**ENTRIES SUPPLIED:**
======
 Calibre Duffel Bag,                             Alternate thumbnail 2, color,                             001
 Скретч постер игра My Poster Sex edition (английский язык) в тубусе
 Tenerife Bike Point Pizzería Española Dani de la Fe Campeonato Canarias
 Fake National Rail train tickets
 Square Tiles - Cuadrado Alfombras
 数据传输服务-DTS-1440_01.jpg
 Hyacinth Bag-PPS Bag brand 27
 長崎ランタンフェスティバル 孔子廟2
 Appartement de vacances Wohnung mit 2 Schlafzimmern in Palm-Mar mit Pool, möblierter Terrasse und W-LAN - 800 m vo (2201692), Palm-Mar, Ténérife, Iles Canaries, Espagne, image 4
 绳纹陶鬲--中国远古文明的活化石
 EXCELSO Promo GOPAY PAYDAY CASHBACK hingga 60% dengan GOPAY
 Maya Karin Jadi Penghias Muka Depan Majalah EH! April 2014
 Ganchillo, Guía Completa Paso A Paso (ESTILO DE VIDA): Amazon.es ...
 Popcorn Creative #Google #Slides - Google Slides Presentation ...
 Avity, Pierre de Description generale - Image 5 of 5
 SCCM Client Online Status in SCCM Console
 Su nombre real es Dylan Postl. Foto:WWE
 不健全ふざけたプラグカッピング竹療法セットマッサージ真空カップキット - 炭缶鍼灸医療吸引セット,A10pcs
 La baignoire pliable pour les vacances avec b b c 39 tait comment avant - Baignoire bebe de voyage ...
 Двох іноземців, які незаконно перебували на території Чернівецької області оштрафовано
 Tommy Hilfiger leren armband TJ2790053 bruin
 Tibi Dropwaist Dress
======
**YOUR ASSIGNMENT:**
Wherever "vacances" occurs in the records above, copy the line it sits in.

**ANSWER AREA:**
 Appartement de vacances Wohnung mit 2 Schlafzimmern in Palm-Mar mit Pool, möblierter Terrasse und W-LAN - 800 m vo (2201692), Palm-Mar, Ténérife, Iles Canaries, Espagne, image 4
 La baignoire pliable pour les vacances avec b b c 39 tait comment avant - Baignoire bebe de voyage ...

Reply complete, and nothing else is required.